- **Supplied data**:
::::::

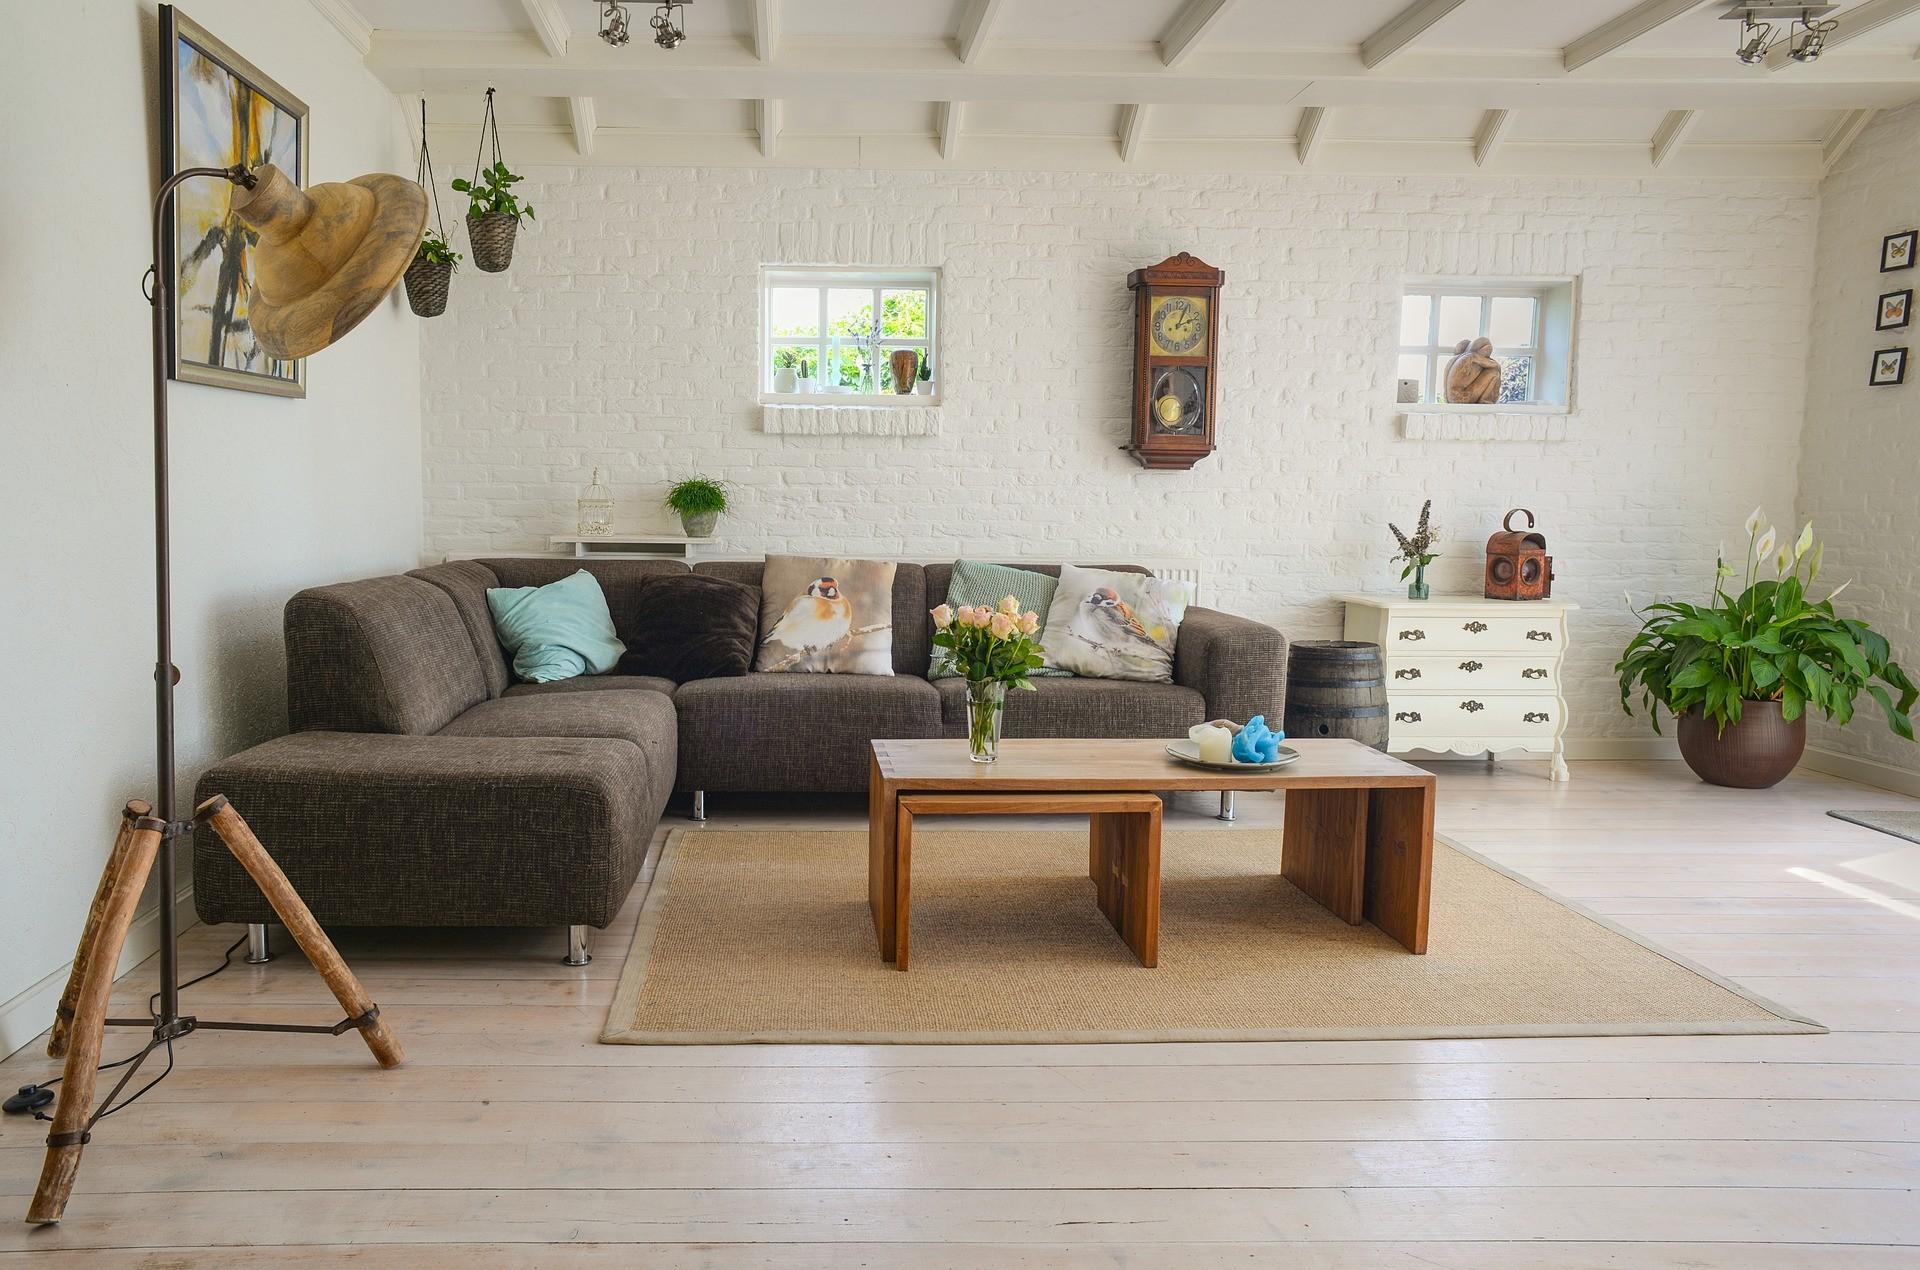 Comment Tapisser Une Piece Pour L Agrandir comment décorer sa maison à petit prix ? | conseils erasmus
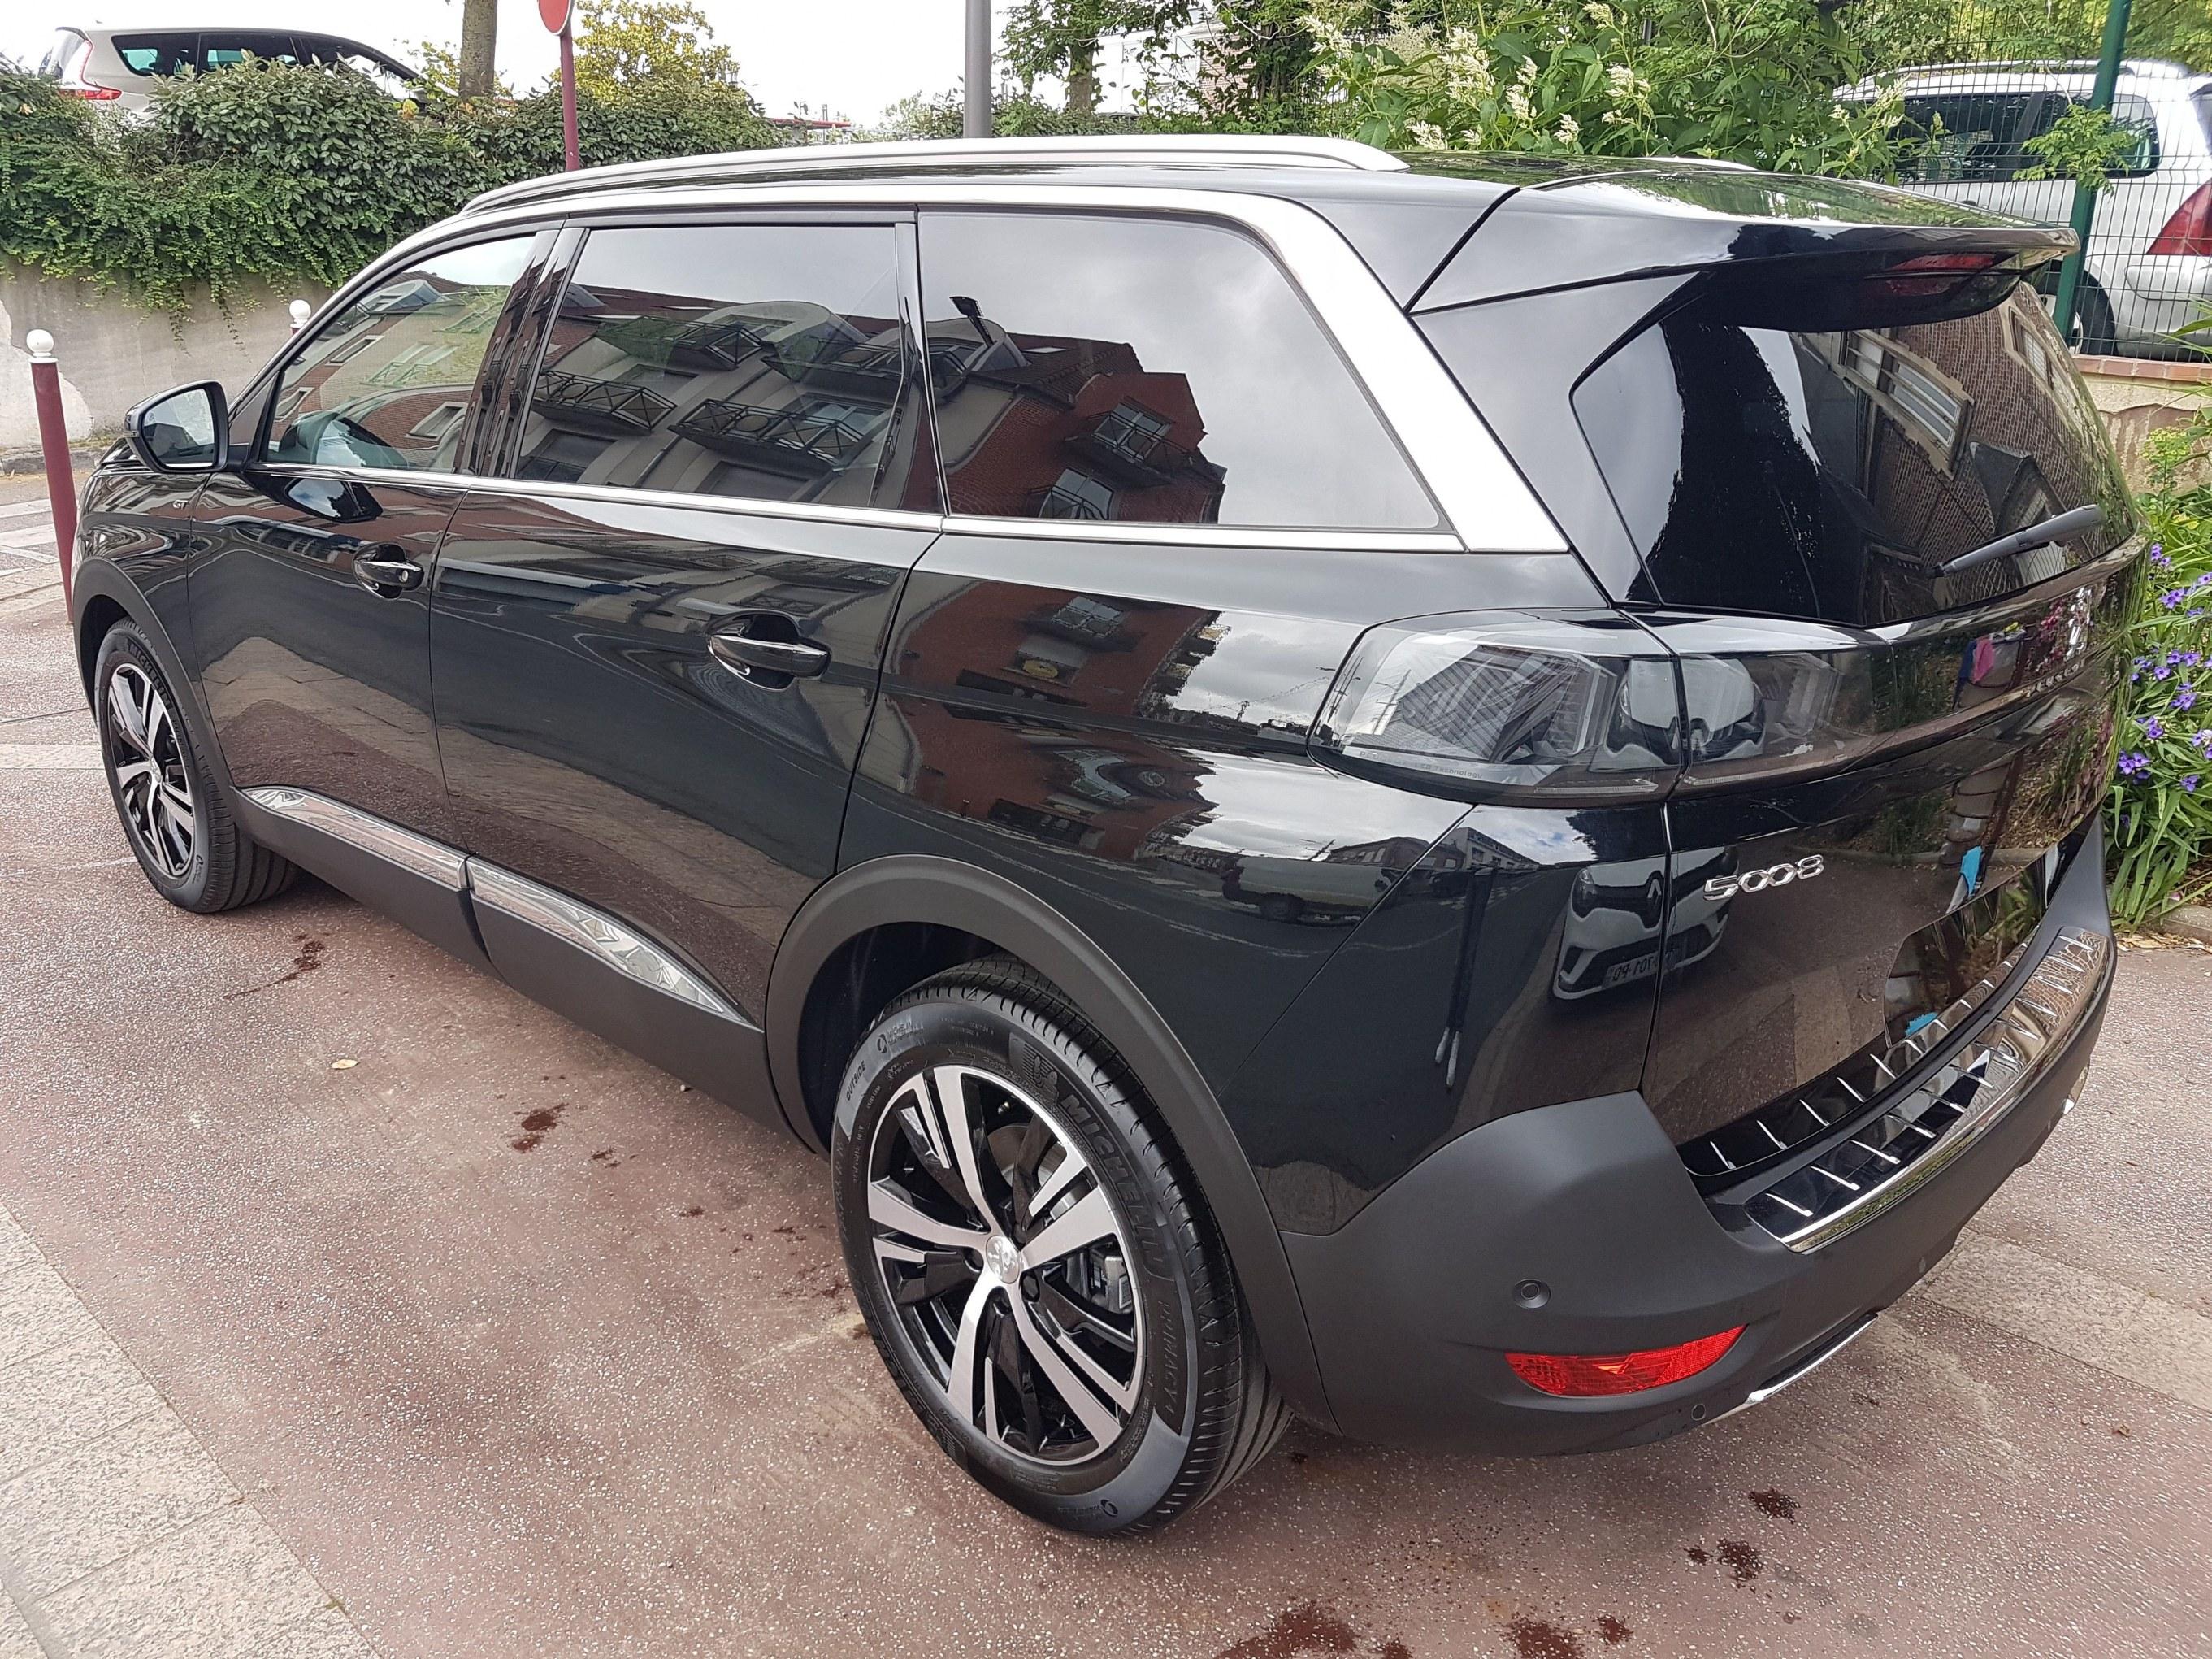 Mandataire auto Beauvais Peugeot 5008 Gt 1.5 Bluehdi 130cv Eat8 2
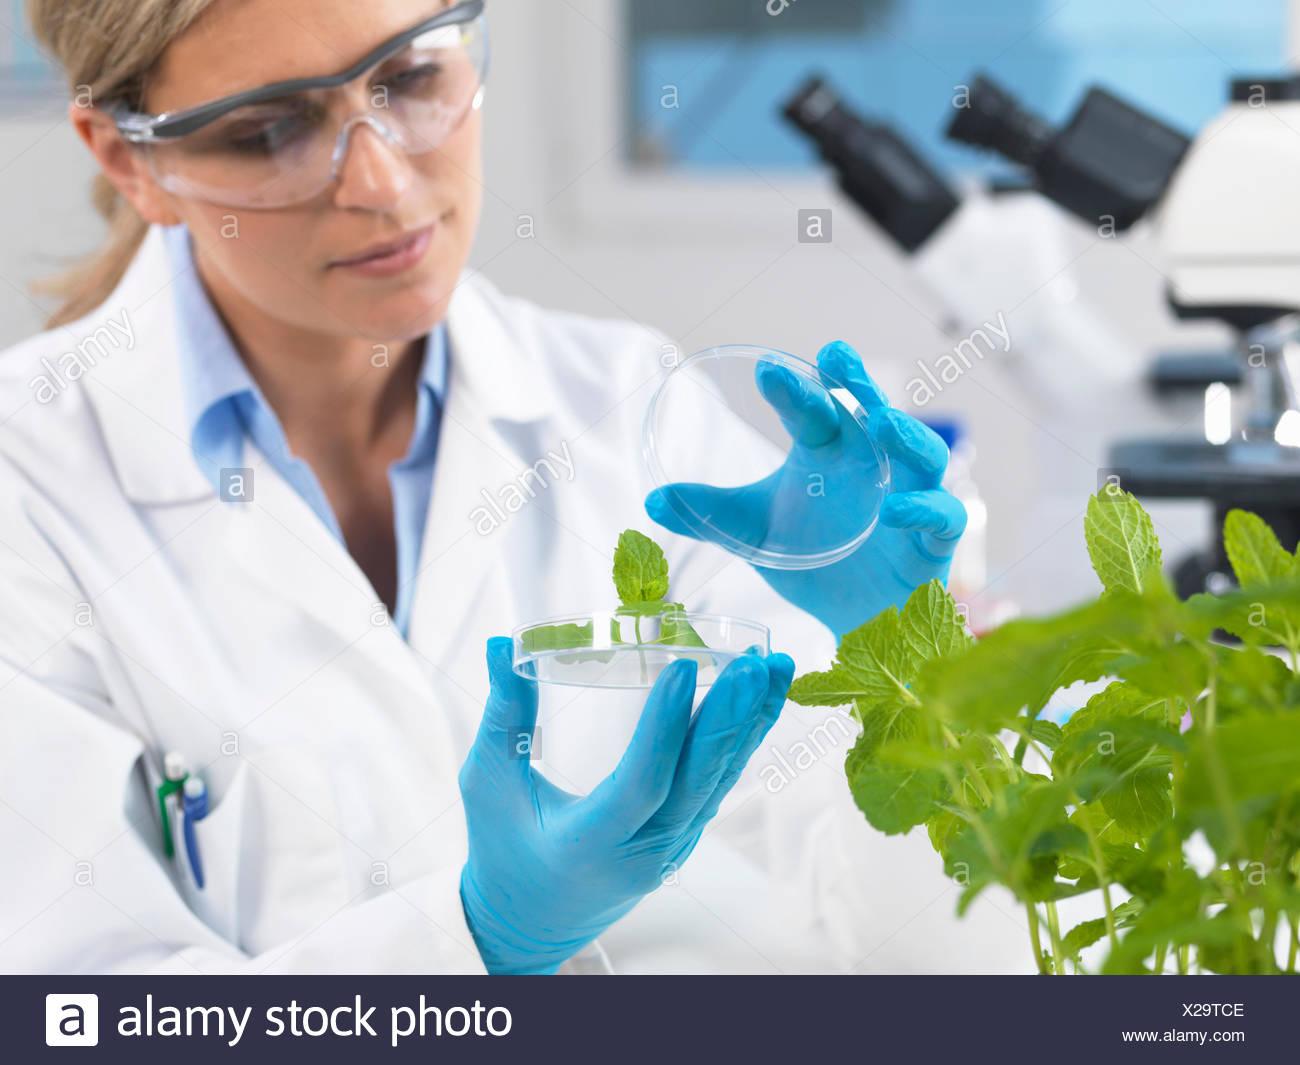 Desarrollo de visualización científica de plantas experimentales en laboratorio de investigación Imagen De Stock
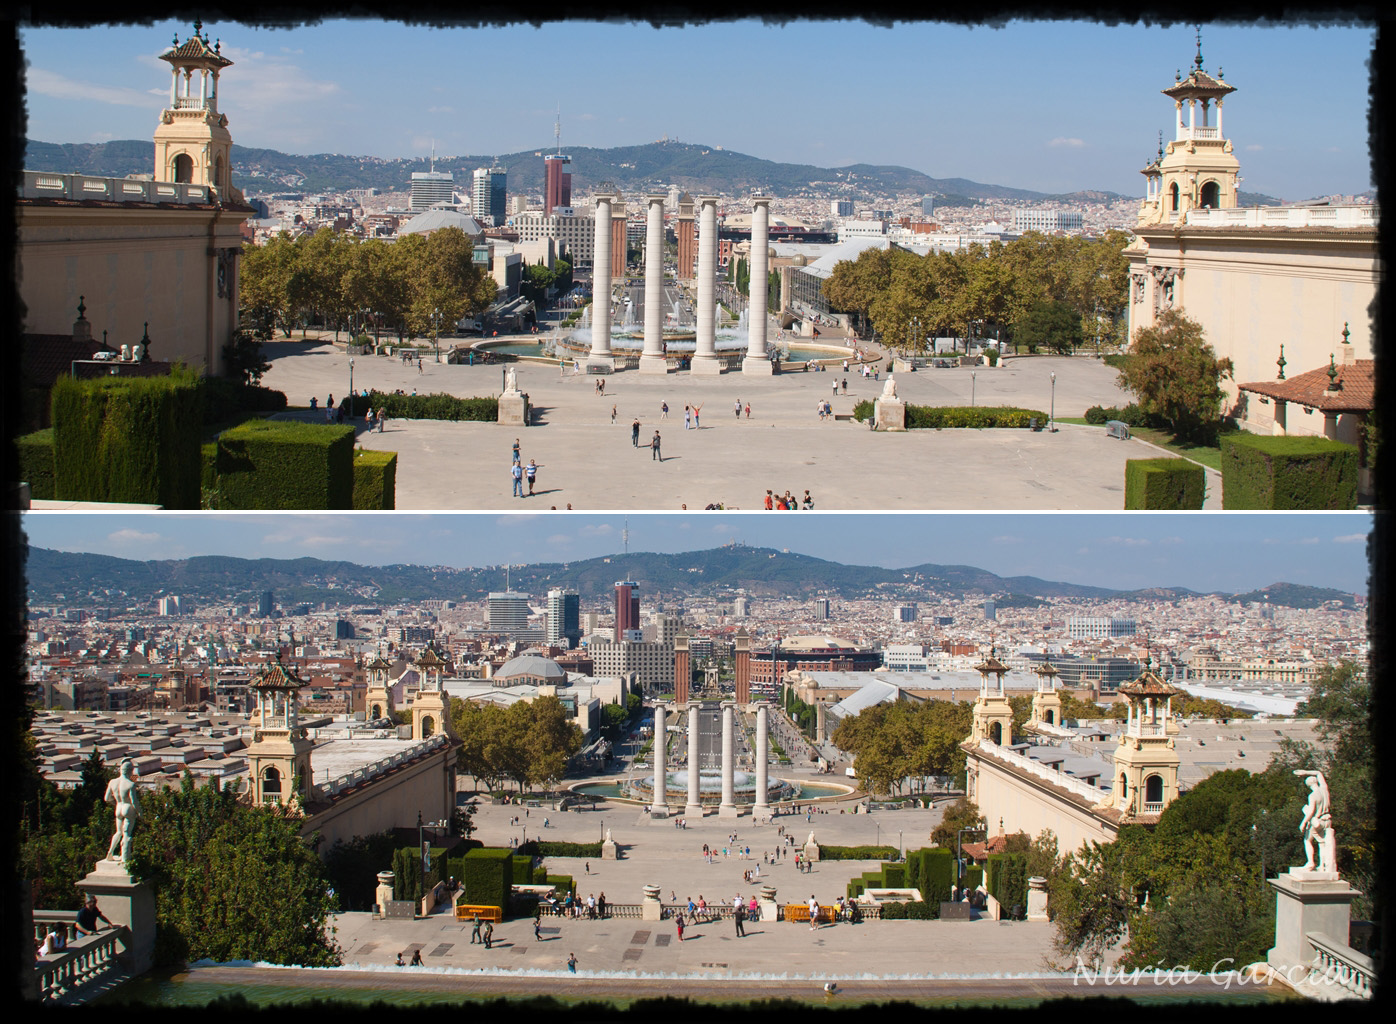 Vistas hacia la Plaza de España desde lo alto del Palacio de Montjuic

::::::

- **Aim of the task**:
Leaving the pictures out, set down all of the data again exactly.

- **Result for this exercise**:
 Comment Tapisser Une Piece Pour L Agrandir comment décorer sa maison à petit prix ? | conseils erasmus
 Mandataire auto Beauvais Peugeot 5008 Gt 1.5 Bluehdi 130cv Eat8 2
 Desarrollo de visualización científica de plantas experimentales en laboratorio de investigación Imagen De Stock
 Vistas hacia la Plaza de España desde lo alto del Palacio de Montjuic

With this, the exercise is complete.